* _Dataset section_:
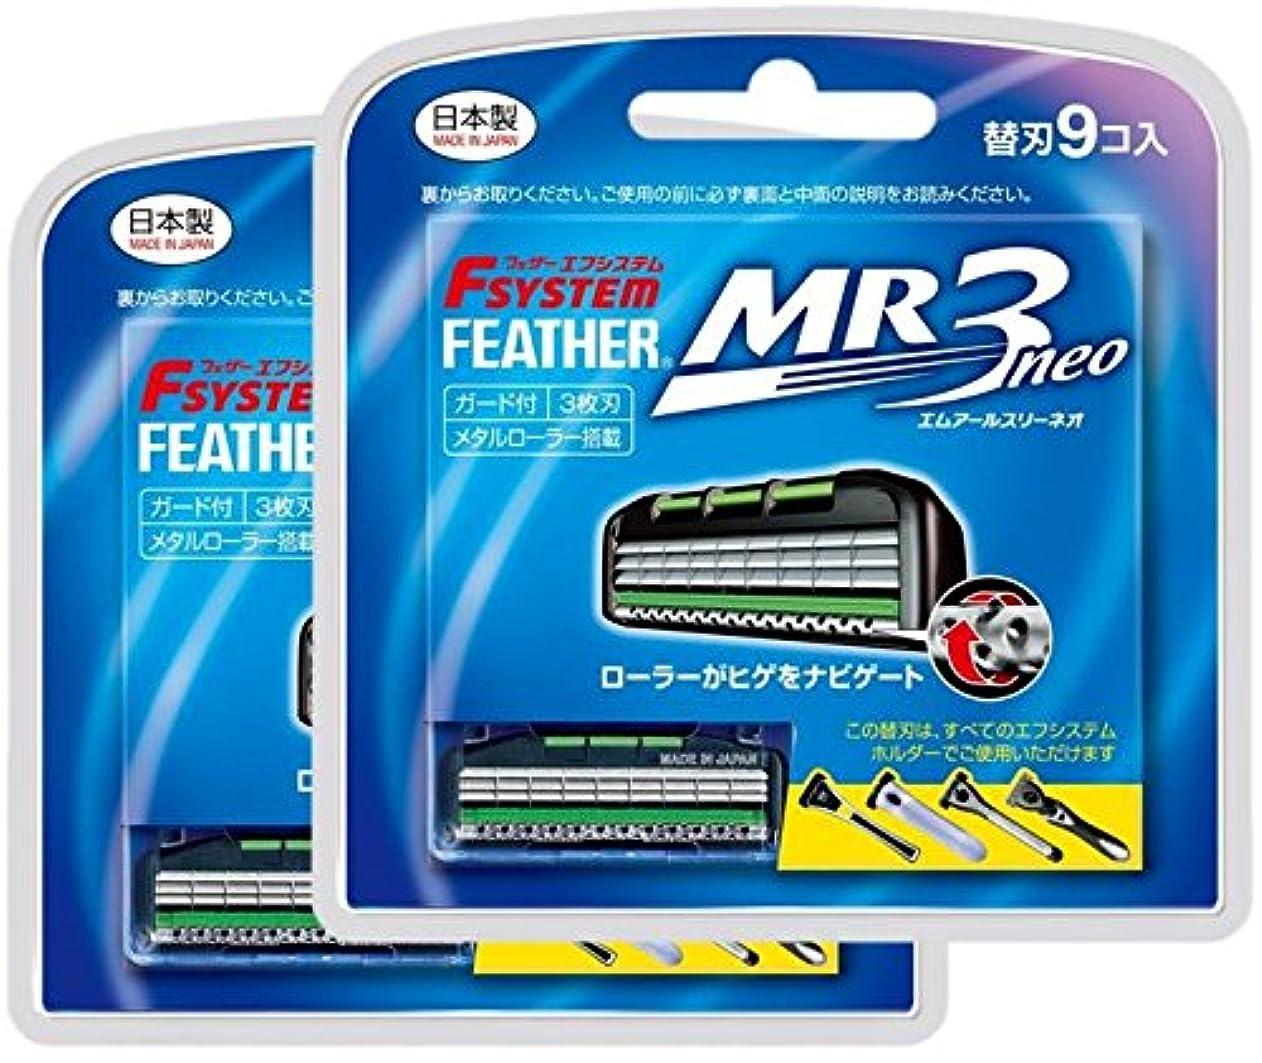 ハード仕事活性化フェザー エフシステム 替刃 MR3ネオ 9コ入×2個セット
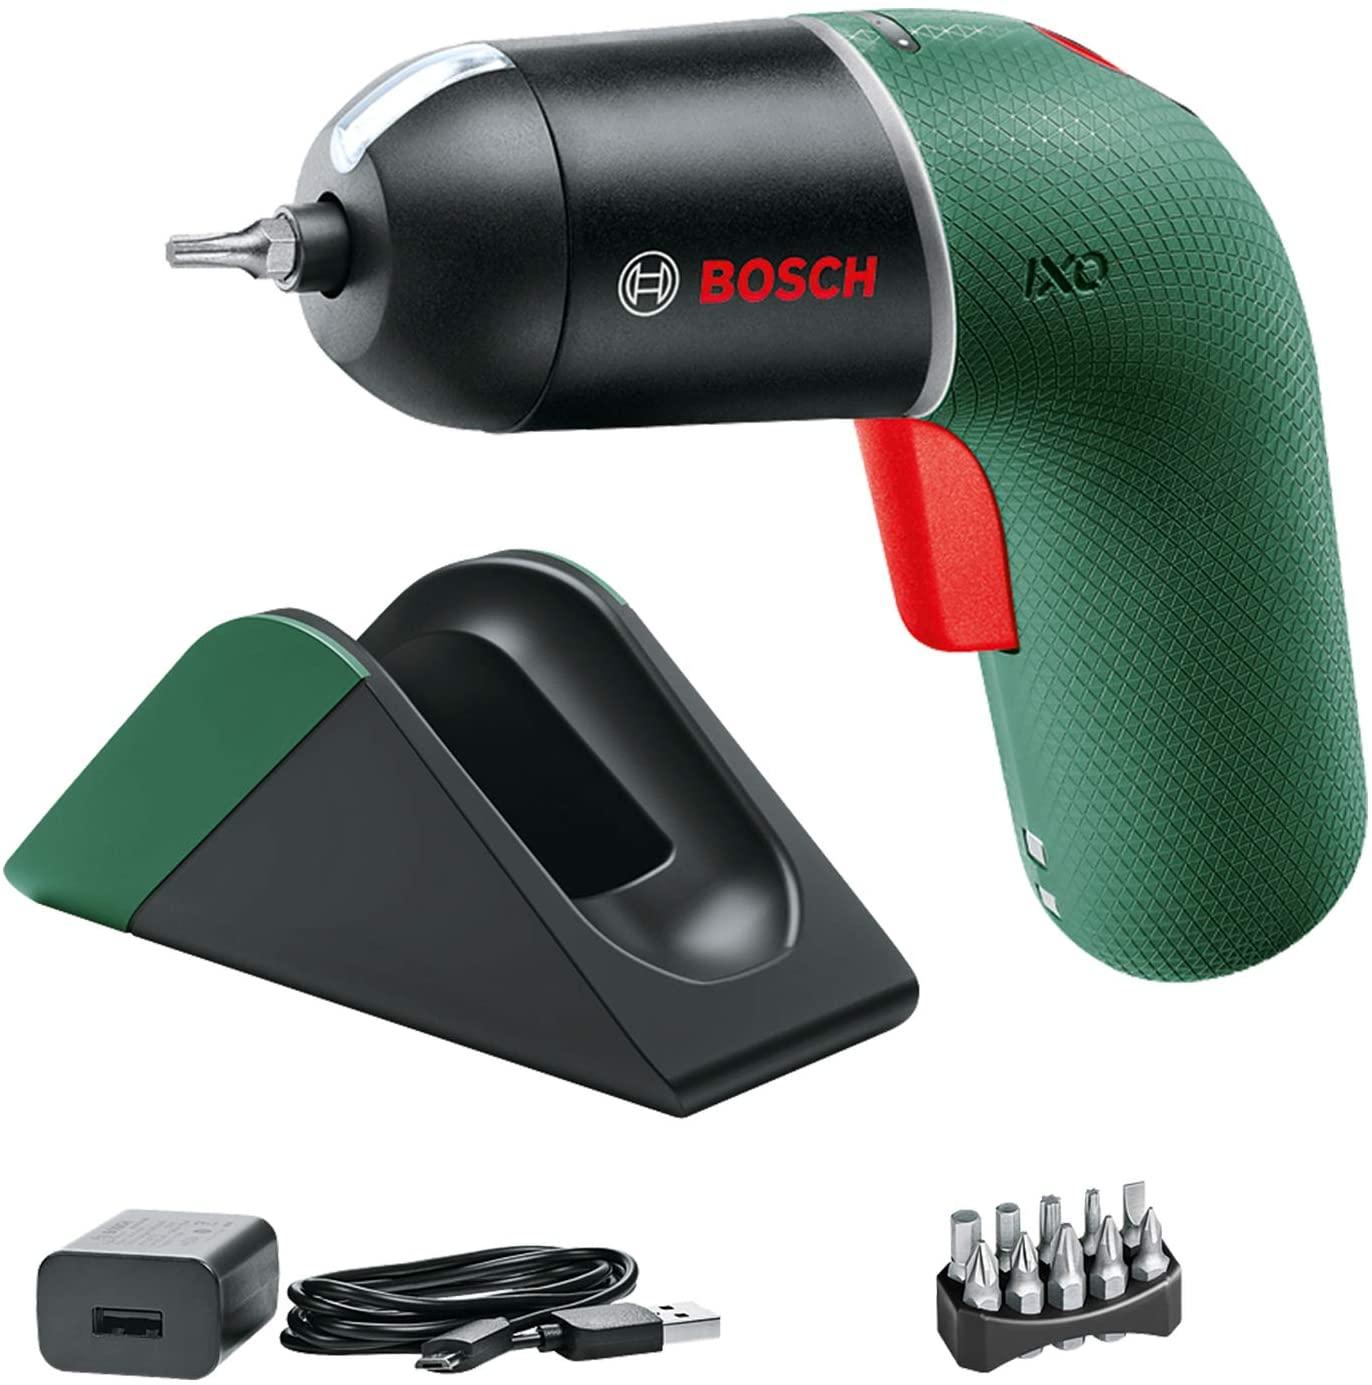 Bosch IXO Set Atornillador a batería
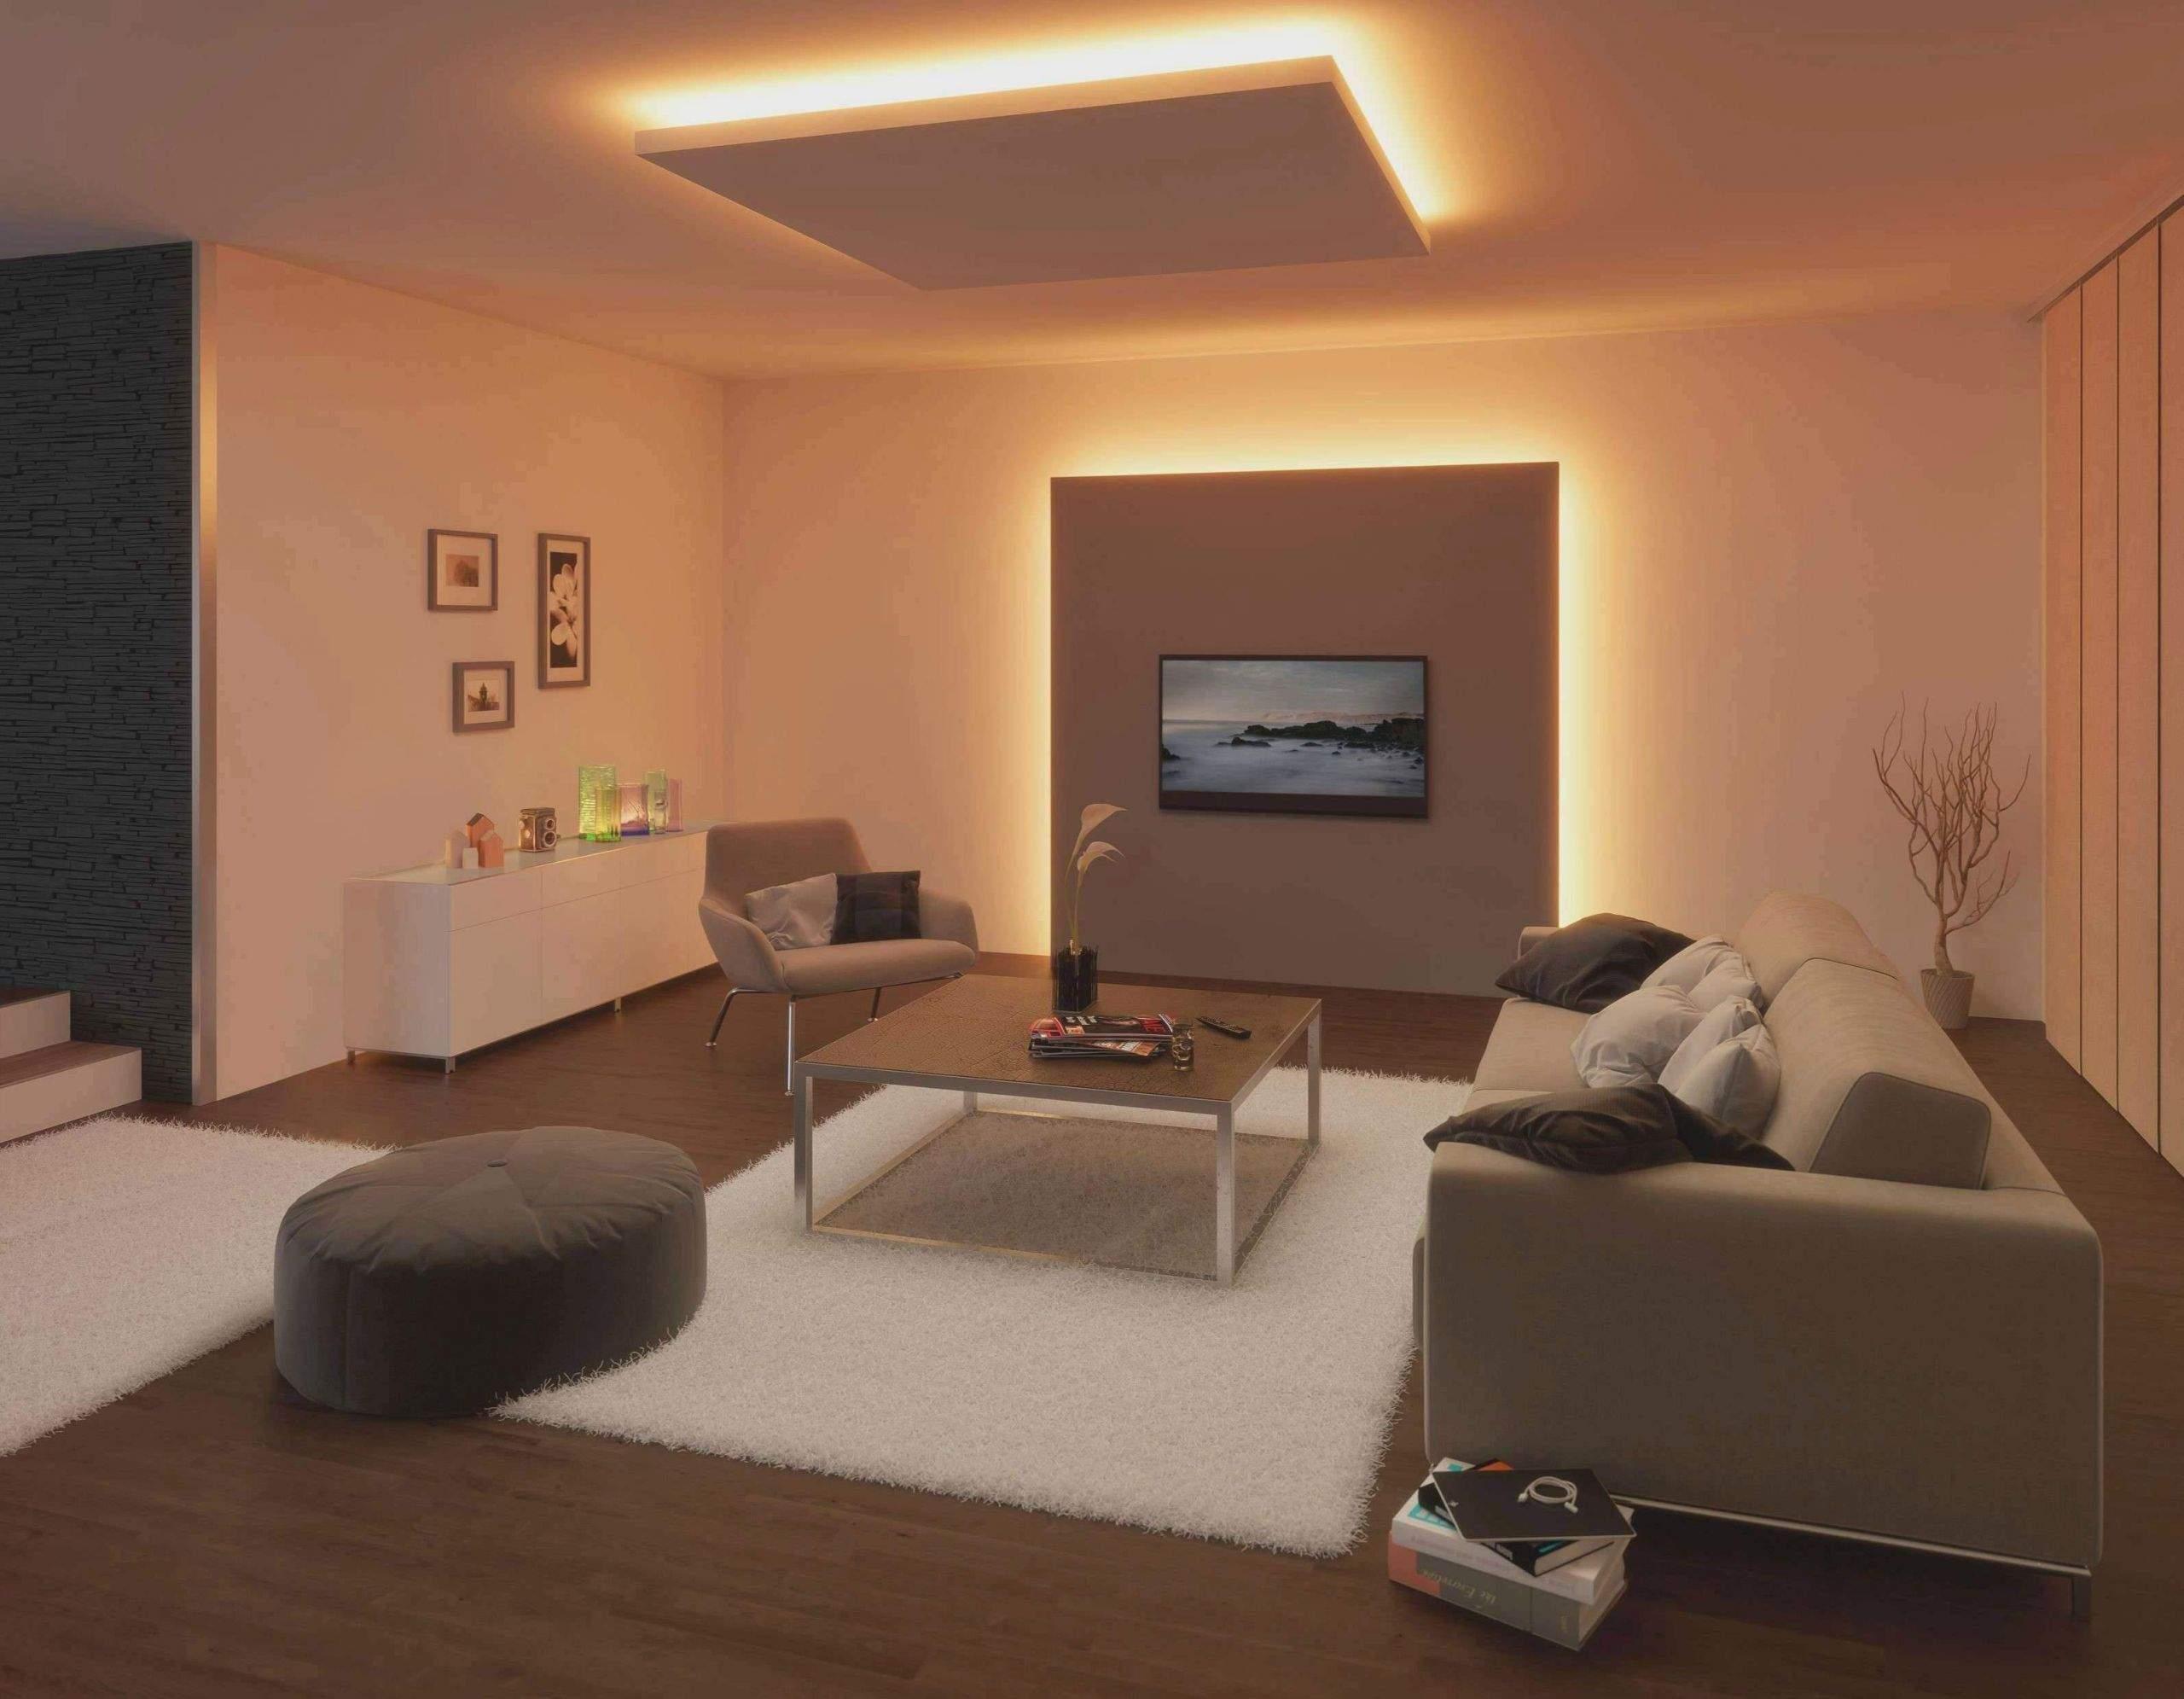 wohnzimmer beispiele das beste von grau weis wohnzimmer ideen worauf sie achten sollten of wohnzimmer beispiele scaled

* _Task details_: Leave out every picture and write out exactly the lines running from the line containing "Bosch IXO Set Atornillador a batería" to the end of the listing above.

* _Exercise response_:
 Bosch IXO Set Atornillador a batería
 wohnzimmer beispiele das beste von grau weis wohnzimmer ideen worauf sie achten sollten of wohnzimmer beispiele scaled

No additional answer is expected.